The 1985 McDonald's All-American Boys Game was an All-star basketball game played on Saturday, April 13, 1985 at the Moody Coliseum in University Park, Texas. The game's rosters featured the best and most highly recruited high school boys graduating in 1985. The game was the 8th annual version of the McDonald's All-American Game first played in 1978.

1985 game
The game was telecast by ESPN. 1985 was the first year in which the McDonald's game was televised. The East team had 3 North Carolina commits (Bucknall, Lebo and Madden) and two of the top ranked centers of the 1985 class, Danny Ferry and Pervis Ellison. The West team had many forwards, including Ed Horton and Tony Kimbro, and center Tito Horford, a heavily recruited center born in the Dominican Republic. 
During the game Walker Lambiotte scored 24 points 10 for 12 from the field and 4 for 7 from the free throw line, winning the MVP award.

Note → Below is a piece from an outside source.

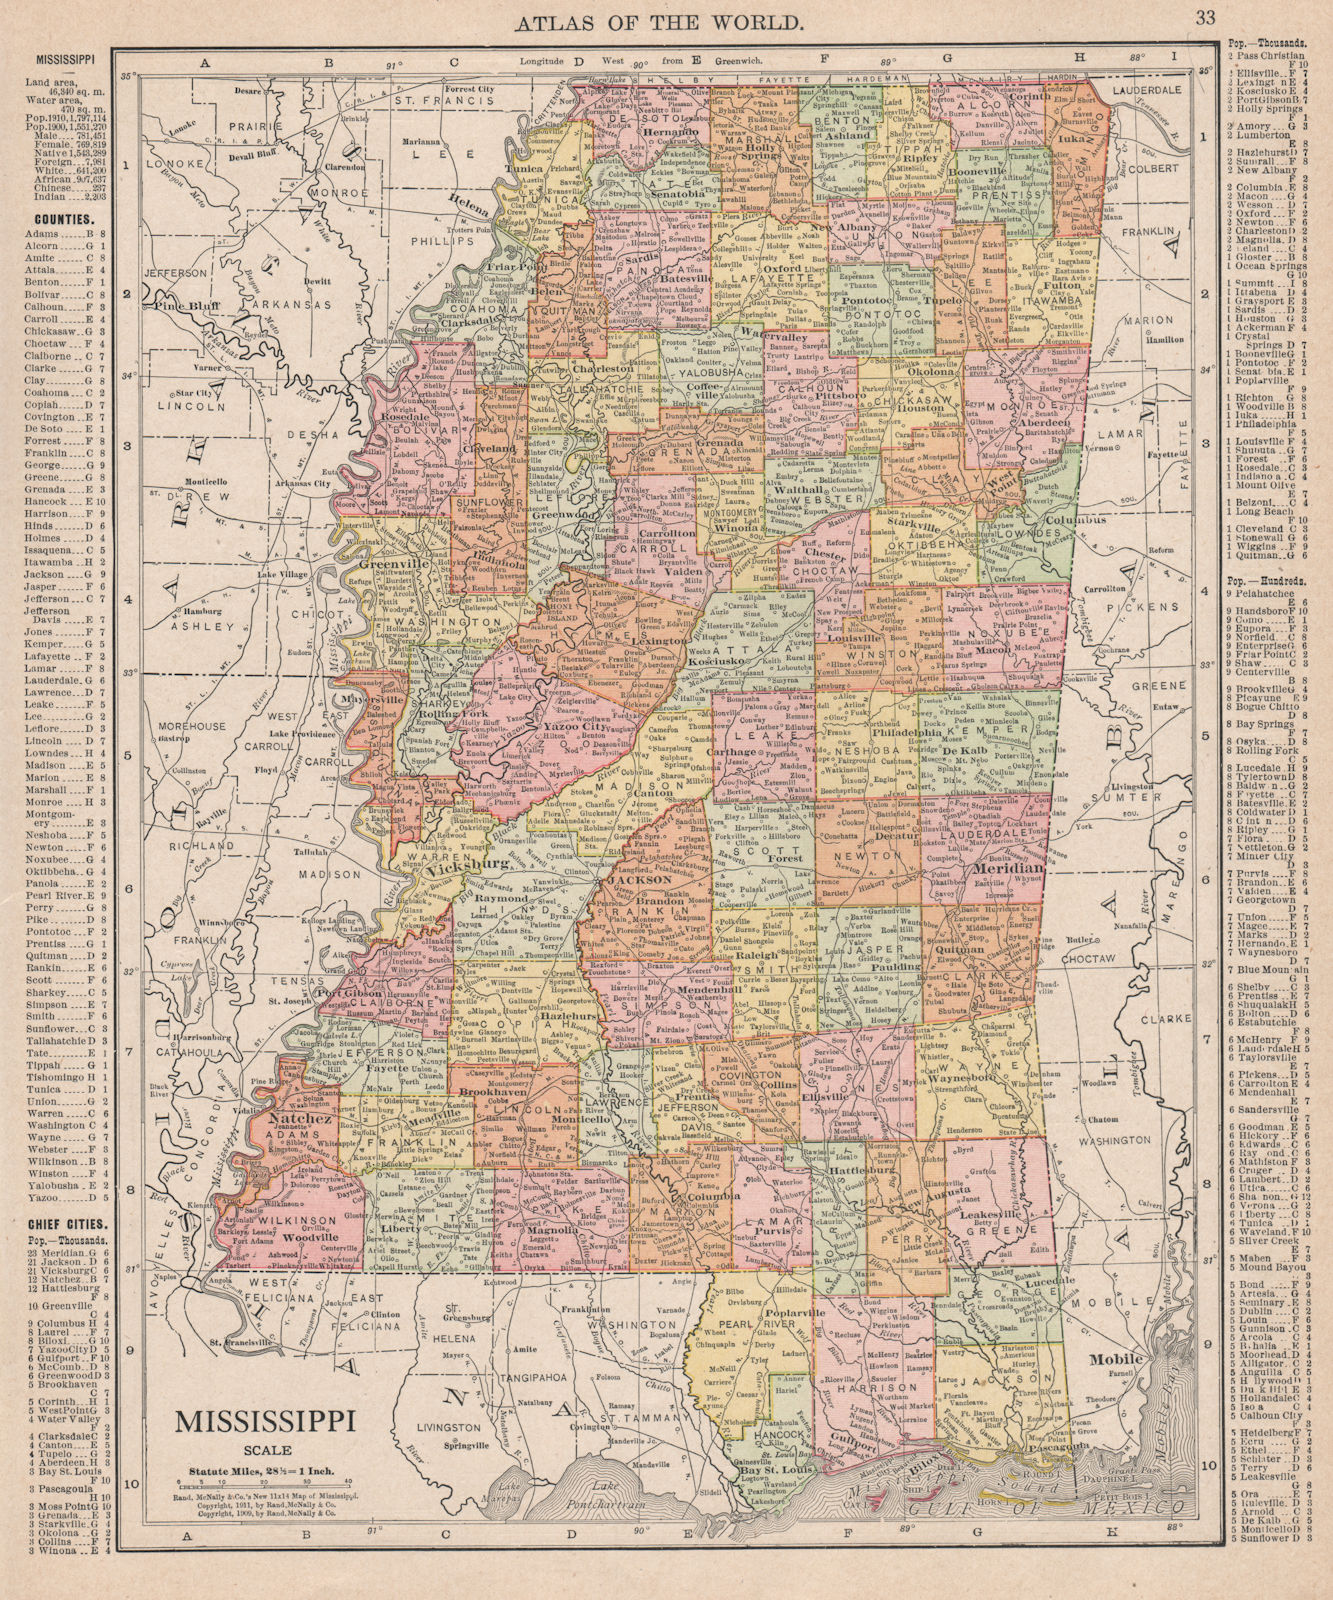 Mississippi state map showing counties. RAND MCNALLY 1912 old antique

Terry Dozier and Danny Ferry scored 17 points, and Mark Stevenson had 16; for the West team, Lowell Hamilton and Tito Horford both scored 13 points, while Ed Horton had 12. Of the 25 players, 15 went on to play at least 1 game in the NBA.

East roster

West roster

Coaches
The East team was coached by:
 Head Coach Ed Kershner of Osceola High School (Kissimmee, Florida)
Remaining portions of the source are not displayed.